Now in all honesty I do not give taxes. I pay them. I give to St Paul’s. I pay my taxes. I pay my taxes because I am required to do so. I suspect that is true for each of you or else you wouldn’t be here this morning, you would be in a jail cell.
Taxes are a requirement and I have never heard a person proudly and joyfully exclaim, “I just paid my taxes!”
Giving is a choice. It is an expression of support and often stems from a deep sense of gratitude and understanding that we are awash in blessings from God. Quarterly I sit down and write out a rather large check to the US Treasury. I attach it to a bill. Then once a year I sit down to find out that whether I have paid enough and how much I am expected to owe in the next year. Incidentally I have never received a thank you note from the IRS.
Monthly I give to St Paul’s.

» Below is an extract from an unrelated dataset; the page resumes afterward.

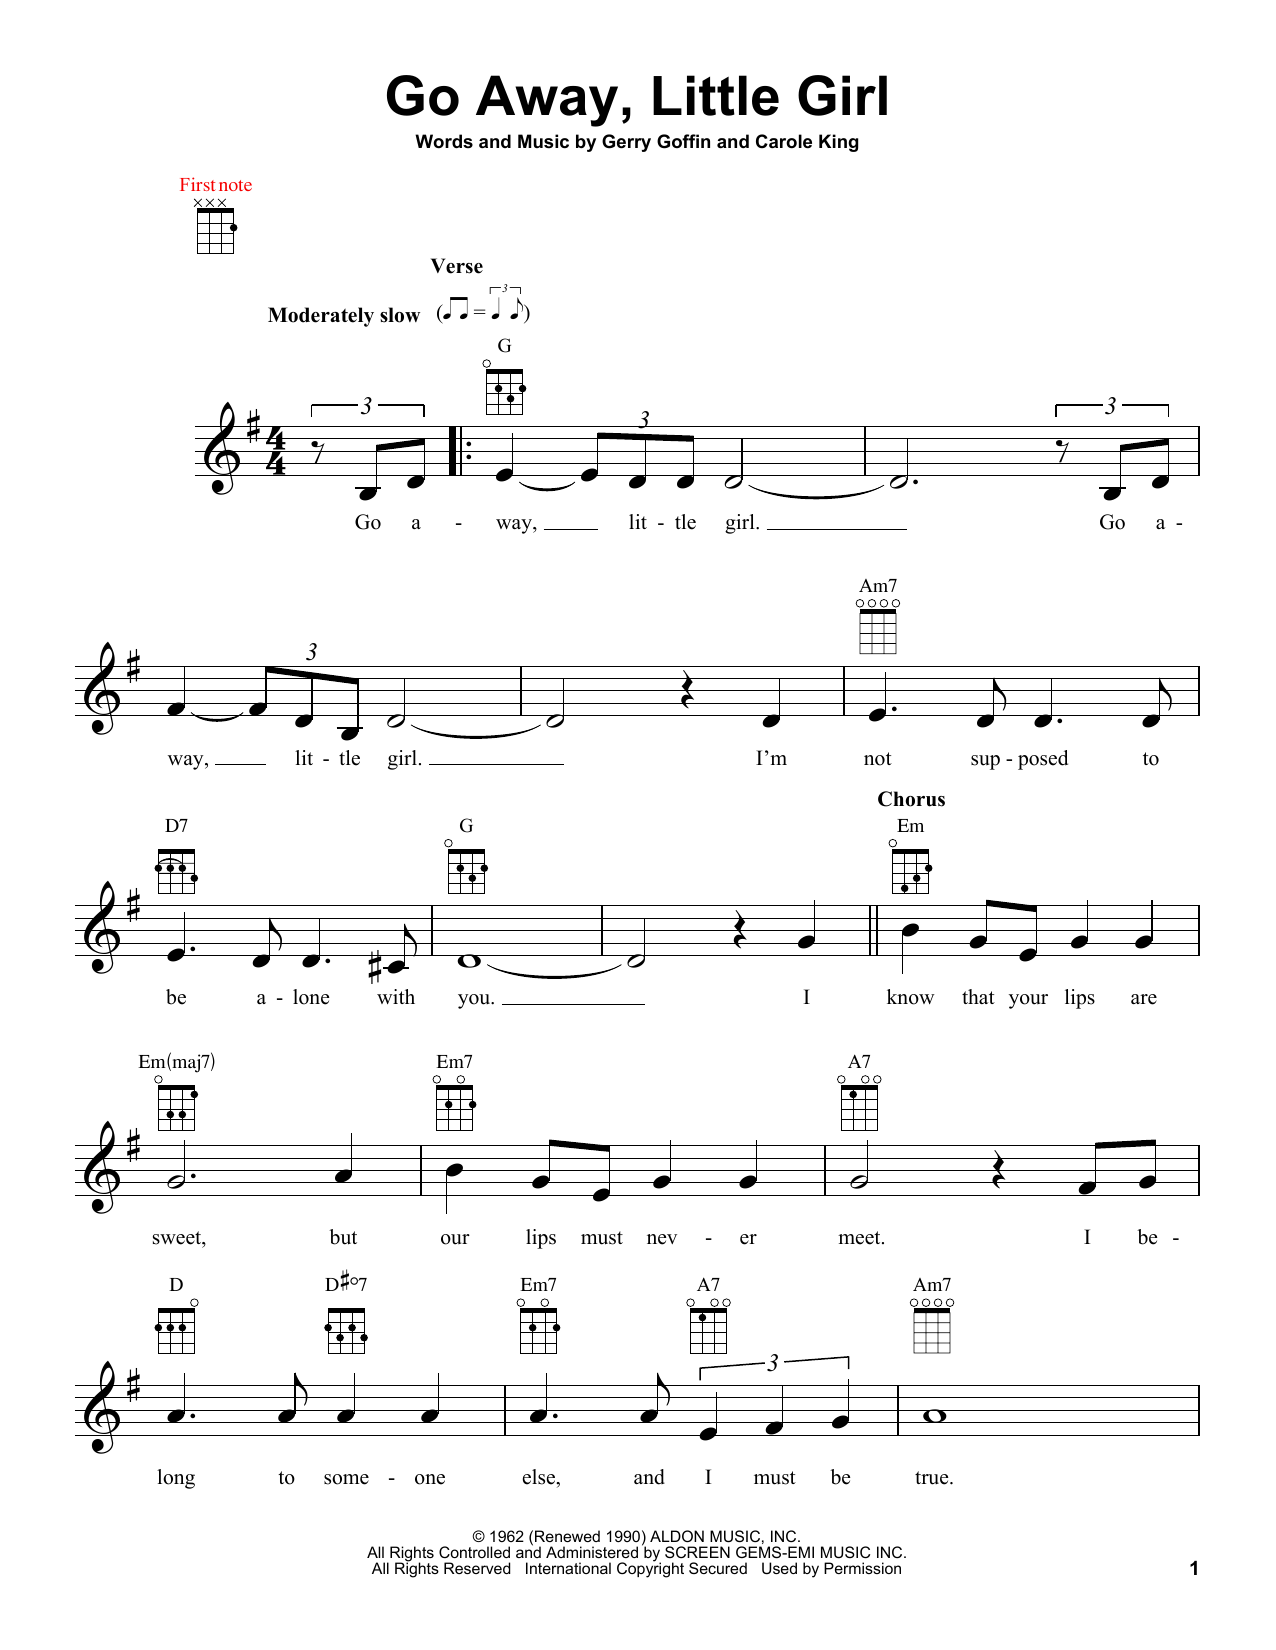 Donny Osmond Go Away, Little Girl sheet music notes and chords. Download Printable PDF.
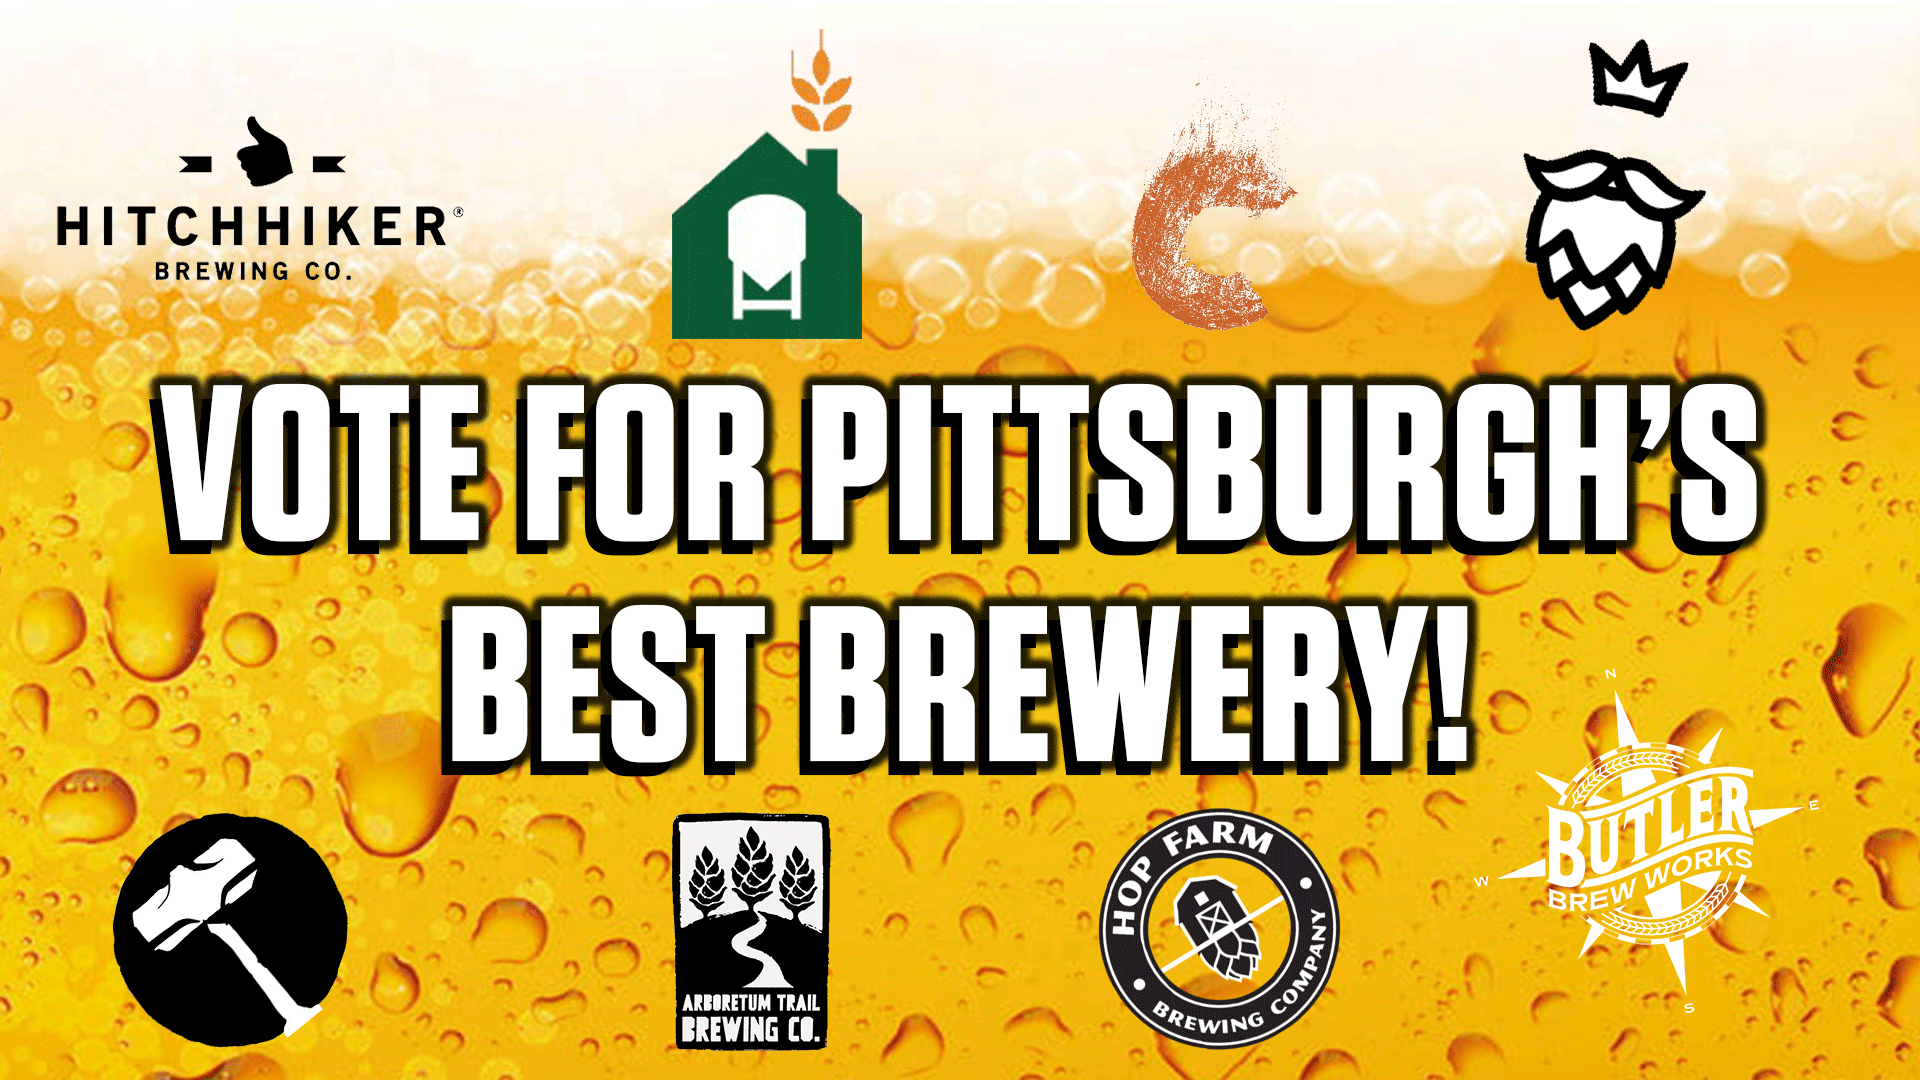 tasty-8-full-size-hampton-beer-outlet-pittsburgh-brewery-vote

Weekly I give my energies and share worship at St Paul’s altar. Daily I arise give my time for the health and future of St Paul’s. I do so because I am called by God to do it. In doing so I am thanked by many of you, warmed by your kind words and gracious hearts.
I pay taxes. I give to St Paul’s. I pay for a safe and stable country. I pay for roads and infrastructure. I pay for the support for the stability of our cities and towns. I pay for all this because governments aren't free. I pay to the government what belongs to the government.
But I give to St Paul’s because I know that everything I have, everything I am, everything I can see, hear, taste, feel, smell, everything I can intuit is God’s. I give to God because it all belongs to God anyway. I am just a steward. I am only a manager of the things God has entrusted me to hold for him; therefore I try to hold God’s gifts loosely and gently and faithfully. Sometimes that means I give away what God has given me.
I invite you and ask you to do the same. Please give to St Paul’s.